RFC 059 deliberately made std.regex a safe default. That choice is still correct: many Incan programs will scan logs, validate structured text, clean data, or process large files where regex should not introduce catastrophic backtracking risk. The cost is that users cannot port common Python re patterns that rely on lookaround, pattern backreferences, conditional groups, or Python replacement-template syntax.

The obvious answer is not to make std.regex silently accept those features. Doing so would break the core mental model of the module: users would no longer know whether a regex is safe for large inputs by looking at the import. A single overloaded API would also make docs worse because every method would need to explain two execution contracts.

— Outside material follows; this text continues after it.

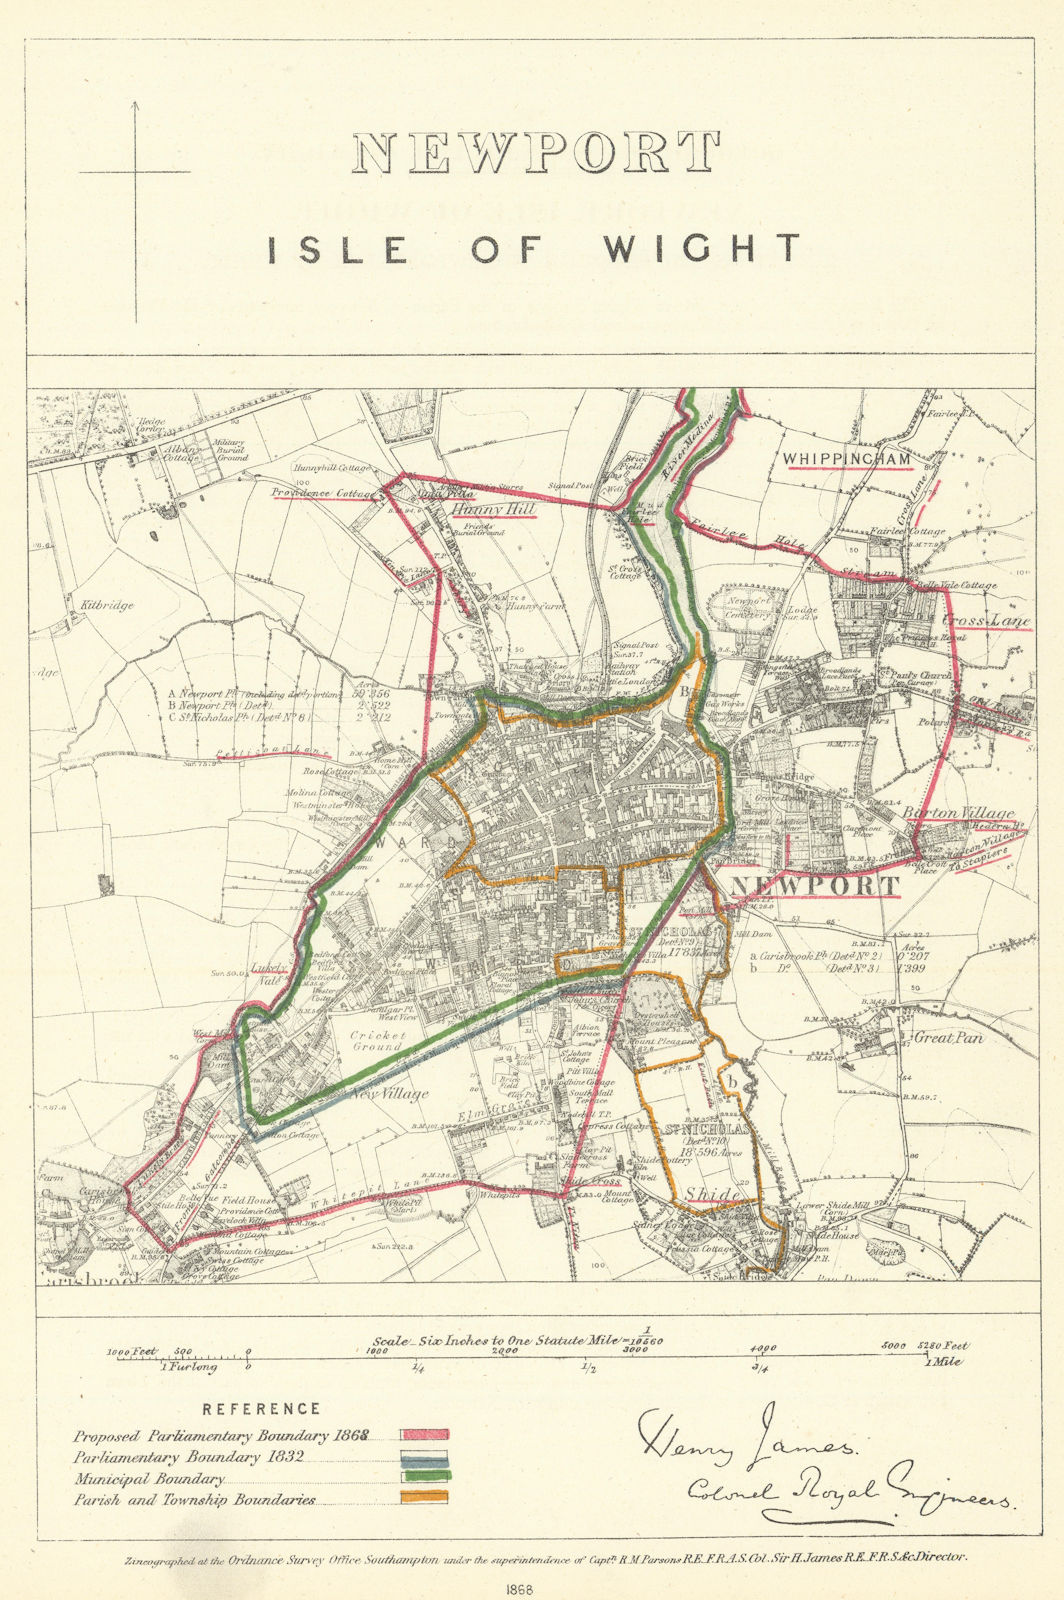 Newport, Isle of Wight. JAMES. Parliamentary Boundary Commission 1868 old map

std.re gives the project a clean story. Users who want predictable matching import std.regex. Users who want Python-like expressiveness import std.re. The implementation can still share an engine family internally, but the public modules keep their contracts separate and readable.

Python compatibility matters because Incan is intentionally Python-shaped in many places. Regex snippets are one of the most frequently copied pieces of code between Python programs, shell scripts, notebooks, CLIs, and data-cleaning utilities. If Incan requires users to rewrite every lookaround or backreference pattern before they can port a script, std.regex alone will feel arbitrarily limited rather than deliberately safe.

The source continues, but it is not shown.